Durant ce film, qui dure plus de 2h, Ari Aster tisse sa toile pour défricher l’enclos familial dont les frontières deviennent de plus en plus perméables, et qui sont dessinées autour des traits d’une mise en scène magnifiquement orchestrée et autour d’un rythme funambule. Dès le départ, dès le premier plan, le cinéaste condense son antre et ses personnages, déploie leurs limites et leurs marginalités à travers les maquettes et les répliques miniatures créées et fabriquées par la mère de famille, afin de montrer que tout ce petit monde bourgeois n’est en fait que des poupées impuissantes face à ce qui va leur arriver, voire même qu’un amas de marionnettes assujetti à une force qui les dépasse tous. Le film vient tout juste de commencer, et les personnages sont déjà piégés dans un enfer dysfonctionnel incontrôlable.

Alors que la grand-mère vient de passer l’arme à gauche, un certain nombre d’événements plus ou moins paranormaux vont venir chahuter chacun des membres de cette famille jusqu’au drame se déroulant à mi-parcours du film, particulièrement stridant, percutant et inattendu, et qui va exacerber les colères et les névroses de tous les protagonistes. Excepté durant le climax final, qui s’avère être d’une force assez spectaculaire dans sa manière d’appréhender l’horreur et les codes graphiques du genre, Hérédité se superpose comme étant un dessin sans fin d’une sensation de cauchemar éveillé et chétif, et voit sa violence s’exprimer par le prisme de dialogues ciselés, voire même de monologues incendiaires putréfiés, mais aussi et surtout par cette réalisation, qui se mue en exercice de style formaliste assez époustouflant.
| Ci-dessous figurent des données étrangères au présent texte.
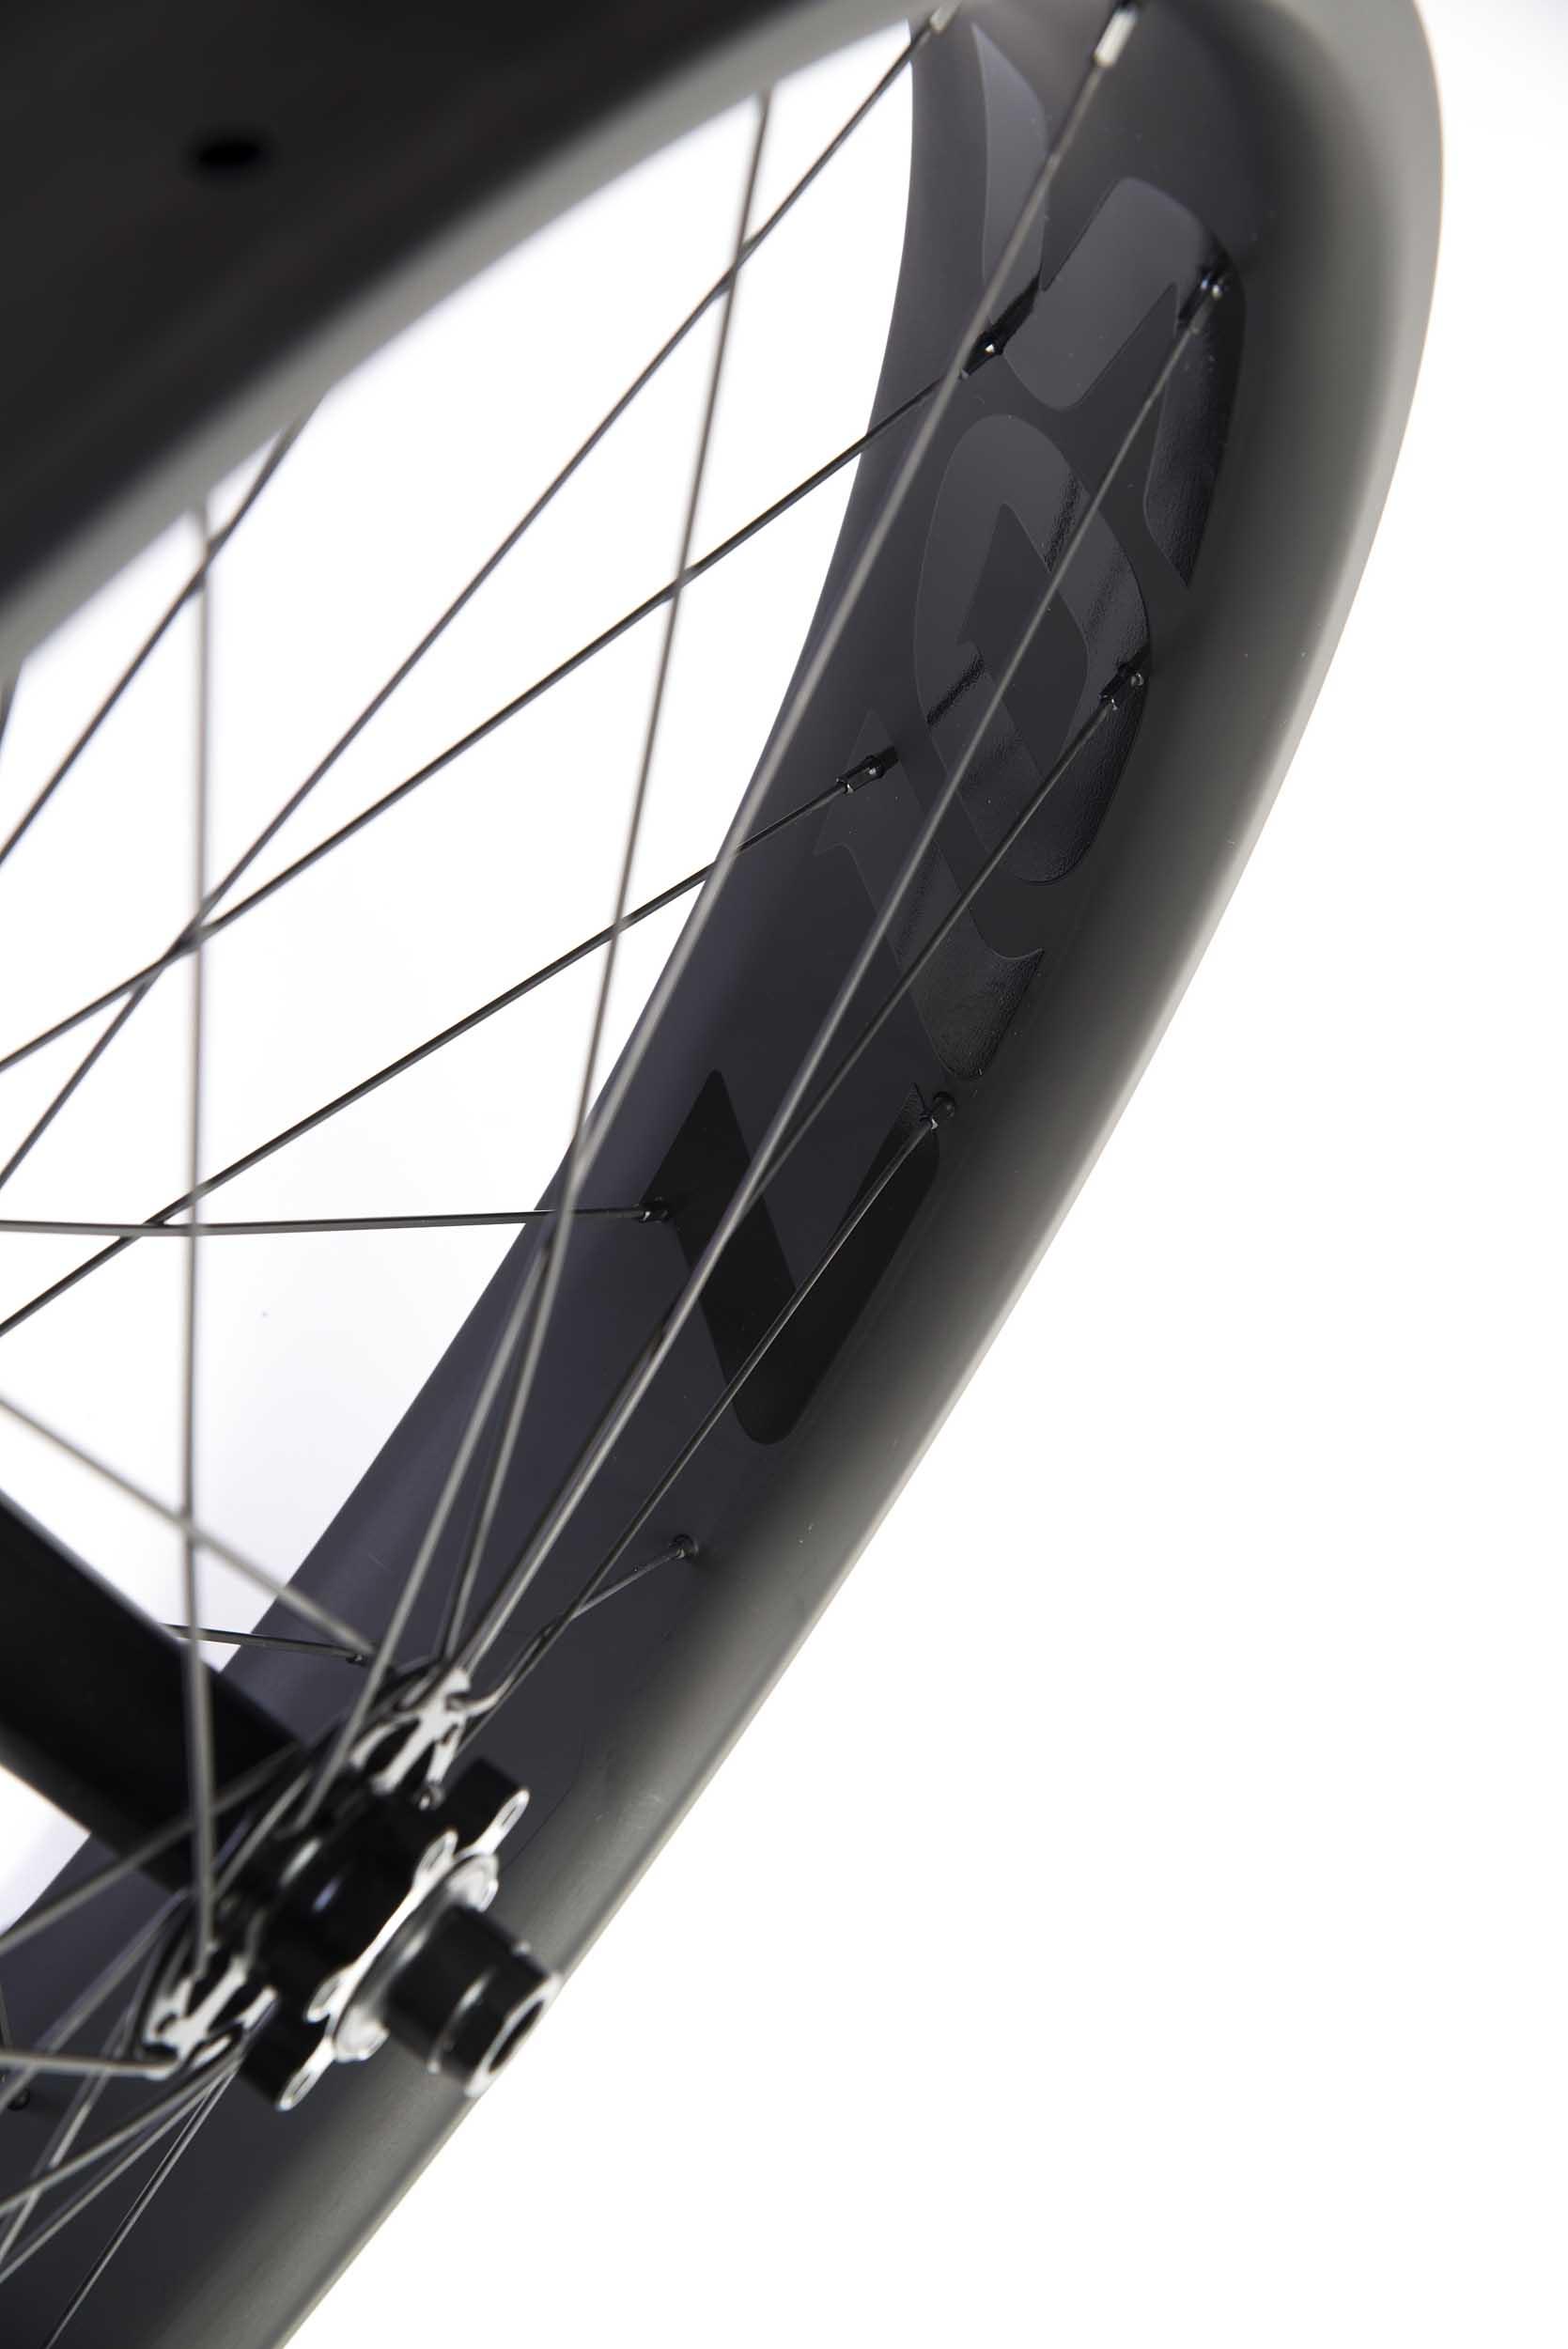 lios-carbon-fatbike-wheelset-black-image-5.jpg

De prime abord, on pourrait facilement penser qu’Hérédité suit les traces d’innombrables films qui ont décrit la maison comme une source d’horreur, comme lieu commun de l’infection de la déshumanisation, espace clos flippant, tout en plongeant plus profondément dans les angoisses personnelles : cependant, le film d’Ari Aster est bien plus que cela.

Loin des franchises telles que The Conjuring ou Ouija, Hérédité est un film de genre, qui se rapproche plus d’un drame psychologique à la Roman Polanski que du film d’horreur frontal, se servant plus du malaise que de la peur primitive : le film s’accapare la culpabilité de chacun, la haine de soi et l’amour mortifère des membres de la famille pour accentuer la promiscuité du drame humain avec l’enjeu horrifique et esthétique. Il y a quelque chose de rafraîchissant dans la manière magistrale dont Aster examine la nature insidieuse de l’inertie familiale tout en jouant sur la très réelle peur de ce que nous héritons de nos parents et ce que nous transmettons de générations en générations.

Ce sentiment d’obligation que le film se donne à vouloir esthétiser chaque détail, à maîtriser chaque geste, à cadenasser chaque prestation d’acteur, évacue malheureusement toute forme de sensorialité et de spontanéité, mais accroit heureusement la claustrophobie de l’univers dépeint, qui se veut tout aussi chromatique que sombre dans sa lumière. Cette capacité qu’à l’œuvre à vouloir garder son sang-froid et à ne jamais se séparer d’une certaine forme de réalisme malgré des touches spirituelles et démoniaques qui foudroient en fin de film, lui permet d’amplifier son atmosphère délétère dans n’importe quelle situation et d’acérer ses thématiques avec puissance : que cela soit dans un repas de famille qui part en vrille suite à des non-dits qui écrasent l’inconscient de chacun, ou par l’arrivée du mal en pleine salle de classe ou même durant une soirée adolescente qui tourne au cauchemar.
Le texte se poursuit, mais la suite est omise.